*Your task*.
The entries below contain a stretch that opens with the line containing "Flawless Nails - Mobile" and closes with the line containing "Elements Of Book"; set down that stretch exactly, both ends included, and nothing else.

--------

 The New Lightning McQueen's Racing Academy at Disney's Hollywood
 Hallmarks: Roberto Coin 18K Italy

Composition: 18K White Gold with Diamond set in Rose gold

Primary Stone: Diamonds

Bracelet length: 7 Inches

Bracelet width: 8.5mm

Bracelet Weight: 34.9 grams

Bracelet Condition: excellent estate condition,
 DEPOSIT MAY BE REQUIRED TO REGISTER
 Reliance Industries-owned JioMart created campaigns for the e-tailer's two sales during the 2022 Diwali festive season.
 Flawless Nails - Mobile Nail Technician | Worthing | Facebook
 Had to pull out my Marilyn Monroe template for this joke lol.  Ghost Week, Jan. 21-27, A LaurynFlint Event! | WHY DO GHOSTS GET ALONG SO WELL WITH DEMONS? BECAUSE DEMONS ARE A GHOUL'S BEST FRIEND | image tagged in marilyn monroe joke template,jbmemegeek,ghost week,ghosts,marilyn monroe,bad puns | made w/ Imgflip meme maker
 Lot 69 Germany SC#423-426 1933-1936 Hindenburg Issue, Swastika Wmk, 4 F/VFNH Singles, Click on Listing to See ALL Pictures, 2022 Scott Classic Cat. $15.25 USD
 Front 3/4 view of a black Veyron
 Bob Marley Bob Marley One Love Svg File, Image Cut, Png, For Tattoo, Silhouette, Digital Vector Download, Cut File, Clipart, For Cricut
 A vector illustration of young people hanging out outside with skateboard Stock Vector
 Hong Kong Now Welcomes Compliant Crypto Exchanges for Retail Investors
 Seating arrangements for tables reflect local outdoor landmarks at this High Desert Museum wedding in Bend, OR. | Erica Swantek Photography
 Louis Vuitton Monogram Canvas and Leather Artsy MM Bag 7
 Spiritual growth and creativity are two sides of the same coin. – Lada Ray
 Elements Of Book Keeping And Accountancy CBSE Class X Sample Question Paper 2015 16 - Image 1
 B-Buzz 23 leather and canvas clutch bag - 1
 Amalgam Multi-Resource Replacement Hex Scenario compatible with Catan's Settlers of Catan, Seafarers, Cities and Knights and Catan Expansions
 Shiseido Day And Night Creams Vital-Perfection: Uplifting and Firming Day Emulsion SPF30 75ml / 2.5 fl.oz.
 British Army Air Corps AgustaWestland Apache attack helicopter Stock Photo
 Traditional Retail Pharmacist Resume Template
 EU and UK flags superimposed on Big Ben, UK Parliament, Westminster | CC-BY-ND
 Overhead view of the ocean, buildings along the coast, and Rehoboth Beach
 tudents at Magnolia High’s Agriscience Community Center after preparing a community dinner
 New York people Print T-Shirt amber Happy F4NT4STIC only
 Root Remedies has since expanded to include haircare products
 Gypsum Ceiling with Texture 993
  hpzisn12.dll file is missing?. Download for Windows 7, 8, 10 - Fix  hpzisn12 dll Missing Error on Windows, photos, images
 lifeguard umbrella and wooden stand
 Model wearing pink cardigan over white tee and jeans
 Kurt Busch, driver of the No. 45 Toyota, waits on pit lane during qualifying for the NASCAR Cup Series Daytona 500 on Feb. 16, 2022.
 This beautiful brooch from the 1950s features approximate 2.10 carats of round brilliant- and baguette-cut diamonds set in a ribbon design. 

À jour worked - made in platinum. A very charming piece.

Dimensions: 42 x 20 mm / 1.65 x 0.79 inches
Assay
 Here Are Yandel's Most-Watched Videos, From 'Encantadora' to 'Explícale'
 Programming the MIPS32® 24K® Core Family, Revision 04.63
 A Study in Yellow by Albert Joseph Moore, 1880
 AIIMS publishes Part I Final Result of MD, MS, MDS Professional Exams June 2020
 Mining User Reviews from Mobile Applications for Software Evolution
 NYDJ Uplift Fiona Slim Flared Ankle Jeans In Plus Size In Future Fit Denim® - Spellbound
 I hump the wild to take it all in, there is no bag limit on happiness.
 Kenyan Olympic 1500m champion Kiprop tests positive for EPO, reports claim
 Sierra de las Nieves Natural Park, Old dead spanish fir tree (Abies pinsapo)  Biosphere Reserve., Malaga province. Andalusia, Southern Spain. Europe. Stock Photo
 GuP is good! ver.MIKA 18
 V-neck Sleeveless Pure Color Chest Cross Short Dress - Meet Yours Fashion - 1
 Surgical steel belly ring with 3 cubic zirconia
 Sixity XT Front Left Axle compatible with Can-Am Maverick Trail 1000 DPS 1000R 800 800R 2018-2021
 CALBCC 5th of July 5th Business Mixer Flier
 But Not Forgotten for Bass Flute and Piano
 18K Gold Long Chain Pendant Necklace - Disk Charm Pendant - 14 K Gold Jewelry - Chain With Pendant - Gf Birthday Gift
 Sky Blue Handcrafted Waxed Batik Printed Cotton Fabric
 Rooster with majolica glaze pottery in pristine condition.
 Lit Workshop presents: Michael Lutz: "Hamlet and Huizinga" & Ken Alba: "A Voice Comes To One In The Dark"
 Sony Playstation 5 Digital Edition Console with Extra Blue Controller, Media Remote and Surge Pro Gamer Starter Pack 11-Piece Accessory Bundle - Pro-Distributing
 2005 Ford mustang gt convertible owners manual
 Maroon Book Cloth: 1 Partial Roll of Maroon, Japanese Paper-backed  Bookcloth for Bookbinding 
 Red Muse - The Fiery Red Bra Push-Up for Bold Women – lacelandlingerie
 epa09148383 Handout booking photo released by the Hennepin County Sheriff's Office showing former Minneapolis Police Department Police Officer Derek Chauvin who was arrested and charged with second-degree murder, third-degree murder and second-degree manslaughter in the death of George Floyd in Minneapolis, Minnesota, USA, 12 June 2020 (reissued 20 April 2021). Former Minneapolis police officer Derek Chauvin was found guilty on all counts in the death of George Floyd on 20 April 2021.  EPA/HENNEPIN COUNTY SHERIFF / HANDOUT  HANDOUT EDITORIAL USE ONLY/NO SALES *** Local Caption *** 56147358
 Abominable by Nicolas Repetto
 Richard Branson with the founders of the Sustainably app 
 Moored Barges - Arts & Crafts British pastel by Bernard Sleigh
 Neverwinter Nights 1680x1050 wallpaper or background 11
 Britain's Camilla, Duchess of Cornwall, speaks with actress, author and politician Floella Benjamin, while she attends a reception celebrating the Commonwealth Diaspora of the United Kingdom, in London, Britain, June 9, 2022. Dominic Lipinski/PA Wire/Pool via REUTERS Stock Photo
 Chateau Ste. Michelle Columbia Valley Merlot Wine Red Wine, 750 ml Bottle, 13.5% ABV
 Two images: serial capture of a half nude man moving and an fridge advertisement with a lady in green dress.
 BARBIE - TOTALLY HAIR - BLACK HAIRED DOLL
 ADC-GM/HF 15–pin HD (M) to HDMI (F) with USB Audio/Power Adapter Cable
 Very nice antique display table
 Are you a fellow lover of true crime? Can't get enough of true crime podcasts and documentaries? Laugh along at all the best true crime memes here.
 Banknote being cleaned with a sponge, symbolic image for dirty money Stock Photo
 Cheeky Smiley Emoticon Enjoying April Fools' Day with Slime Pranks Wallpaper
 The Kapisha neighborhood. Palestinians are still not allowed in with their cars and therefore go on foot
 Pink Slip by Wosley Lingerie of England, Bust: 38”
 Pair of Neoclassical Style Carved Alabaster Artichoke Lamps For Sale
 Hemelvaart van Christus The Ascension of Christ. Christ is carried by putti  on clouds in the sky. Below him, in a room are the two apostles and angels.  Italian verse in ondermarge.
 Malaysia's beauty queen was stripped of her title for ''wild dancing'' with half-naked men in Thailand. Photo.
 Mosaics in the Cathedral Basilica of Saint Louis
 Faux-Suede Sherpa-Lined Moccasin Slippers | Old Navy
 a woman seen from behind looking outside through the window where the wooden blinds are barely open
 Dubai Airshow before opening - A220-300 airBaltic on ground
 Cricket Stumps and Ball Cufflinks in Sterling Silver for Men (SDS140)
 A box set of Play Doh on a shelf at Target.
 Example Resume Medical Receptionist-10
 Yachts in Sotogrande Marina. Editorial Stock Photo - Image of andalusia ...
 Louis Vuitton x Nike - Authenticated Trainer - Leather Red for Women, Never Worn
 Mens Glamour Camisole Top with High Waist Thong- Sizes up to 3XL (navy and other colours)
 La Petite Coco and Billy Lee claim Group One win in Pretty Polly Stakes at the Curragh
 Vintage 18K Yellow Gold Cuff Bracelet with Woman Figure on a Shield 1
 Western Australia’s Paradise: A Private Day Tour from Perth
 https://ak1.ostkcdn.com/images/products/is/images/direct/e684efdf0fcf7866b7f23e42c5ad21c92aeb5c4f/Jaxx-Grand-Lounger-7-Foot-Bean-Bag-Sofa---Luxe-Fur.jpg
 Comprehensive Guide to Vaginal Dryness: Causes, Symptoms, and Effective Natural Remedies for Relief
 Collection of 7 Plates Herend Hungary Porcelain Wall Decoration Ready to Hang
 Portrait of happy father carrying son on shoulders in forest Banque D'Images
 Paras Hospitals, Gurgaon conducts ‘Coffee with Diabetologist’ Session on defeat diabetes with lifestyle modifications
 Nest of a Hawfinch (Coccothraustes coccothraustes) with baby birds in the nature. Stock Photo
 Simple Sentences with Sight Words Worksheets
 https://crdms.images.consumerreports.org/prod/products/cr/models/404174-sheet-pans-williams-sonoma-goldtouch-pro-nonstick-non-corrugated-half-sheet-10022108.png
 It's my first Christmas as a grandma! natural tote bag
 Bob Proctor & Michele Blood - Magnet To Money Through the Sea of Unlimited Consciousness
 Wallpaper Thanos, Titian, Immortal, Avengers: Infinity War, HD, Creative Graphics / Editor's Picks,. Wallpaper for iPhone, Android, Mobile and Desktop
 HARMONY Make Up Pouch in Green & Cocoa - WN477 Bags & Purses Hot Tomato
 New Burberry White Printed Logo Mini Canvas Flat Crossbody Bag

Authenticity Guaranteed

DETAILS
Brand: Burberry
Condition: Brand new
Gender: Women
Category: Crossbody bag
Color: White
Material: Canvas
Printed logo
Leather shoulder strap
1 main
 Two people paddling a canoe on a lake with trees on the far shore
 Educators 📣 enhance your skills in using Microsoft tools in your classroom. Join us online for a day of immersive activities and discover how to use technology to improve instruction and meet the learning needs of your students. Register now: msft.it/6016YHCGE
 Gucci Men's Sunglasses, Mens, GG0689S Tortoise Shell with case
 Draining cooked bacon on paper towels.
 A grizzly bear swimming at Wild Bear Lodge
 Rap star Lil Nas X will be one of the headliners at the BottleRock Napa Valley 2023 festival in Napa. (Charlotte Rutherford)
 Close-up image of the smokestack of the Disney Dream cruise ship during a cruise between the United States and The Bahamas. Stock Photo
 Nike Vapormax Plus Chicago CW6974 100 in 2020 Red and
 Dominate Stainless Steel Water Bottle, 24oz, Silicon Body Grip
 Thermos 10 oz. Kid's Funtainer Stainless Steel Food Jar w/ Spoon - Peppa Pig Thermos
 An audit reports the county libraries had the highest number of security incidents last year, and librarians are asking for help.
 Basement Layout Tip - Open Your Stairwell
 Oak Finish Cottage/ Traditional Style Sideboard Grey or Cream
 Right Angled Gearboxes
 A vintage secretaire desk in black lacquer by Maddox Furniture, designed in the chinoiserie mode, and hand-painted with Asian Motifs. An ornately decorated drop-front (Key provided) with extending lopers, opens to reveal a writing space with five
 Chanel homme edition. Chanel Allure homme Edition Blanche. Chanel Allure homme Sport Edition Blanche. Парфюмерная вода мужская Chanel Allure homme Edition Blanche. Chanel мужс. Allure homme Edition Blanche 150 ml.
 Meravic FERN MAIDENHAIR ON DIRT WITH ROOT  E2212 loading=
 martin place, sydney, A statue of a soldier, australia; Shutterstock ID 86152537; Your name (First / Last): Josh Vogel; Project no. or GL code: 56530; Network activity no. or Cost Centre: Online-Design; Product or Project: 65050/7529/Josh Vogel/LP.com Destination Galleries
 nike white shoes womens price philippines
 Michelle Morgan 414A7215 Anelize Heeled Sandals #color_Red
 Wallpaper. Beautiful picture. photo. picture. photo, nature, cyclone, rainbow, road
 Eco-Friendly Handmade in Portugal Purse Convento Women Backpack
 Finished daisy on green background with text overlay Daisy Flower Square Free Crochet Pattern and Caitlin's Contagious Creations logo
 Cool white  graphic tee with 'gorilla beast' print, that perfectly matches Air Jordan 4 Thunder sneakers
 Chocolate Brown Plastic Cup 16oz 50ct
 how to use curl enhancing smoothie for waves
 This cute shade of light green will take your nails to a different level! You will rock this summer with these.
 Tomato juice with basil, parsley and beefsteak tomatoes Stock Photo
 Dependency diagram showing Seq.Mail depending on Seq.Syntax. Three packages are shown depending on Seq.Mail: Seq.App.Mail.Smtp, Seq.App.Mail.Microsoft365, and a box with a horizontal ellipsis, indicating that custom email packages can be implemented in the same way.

--------

*Solution to this problem*.
 Flawless Nails - Mobile Nail Technician | Worthing | Facebook
 Had to pull out my Marilyn Monroe template for this joke lol.  Ghost Week, Jan. 21-27, A LaurynFlint Event! | WHY DO GHOSTS GET ALONG SO WELL WITH DEMONS? BECAUSE DEMONS ARE A GHOUL'S BEST FRIEND | image tagged in marilyn monroe joke template,jbmemegeek,ghost week,ghosts,marilyn monroe,bad puns | made w/ Imgflip meme maker
 Lot 69 Germany SC#423-426 1933-1936 Hindenburg Issue, Swastika Wmk, 4 F/VFNH Singles, Click on Listing to See ALL Pictures, 2022 Scott Classic Cat. $15.25 USD
 Front 3/4 view of a black Veyron
 Bob Marley Bob Marley One Love Svg File, Image Cut, Png, For Tattoo, Silhouette, Digital Vector Download, Cut File, Clipart, For Cricut
 A vector illustration of young people hanging out outside with skateboard Stock Vector
 Hong Kong Now Welcomes Compliant Crypto Exchanges for Retail Investors
 Seating arrangements for tables reflect local outdoor landmarks at this High Desert Museum wedding in Bend, OR. | Erica Swantek Photography
 Louis Vuitton Monogram Canvas and Leather Artsy MM Bag 7
 Spiritual growth and creativity are two sides of the same coin. – Lada Ray
 Elements Of Book Keeping And Accountancy CBSE Class X Sample Question Paper 2015 16 - Image 1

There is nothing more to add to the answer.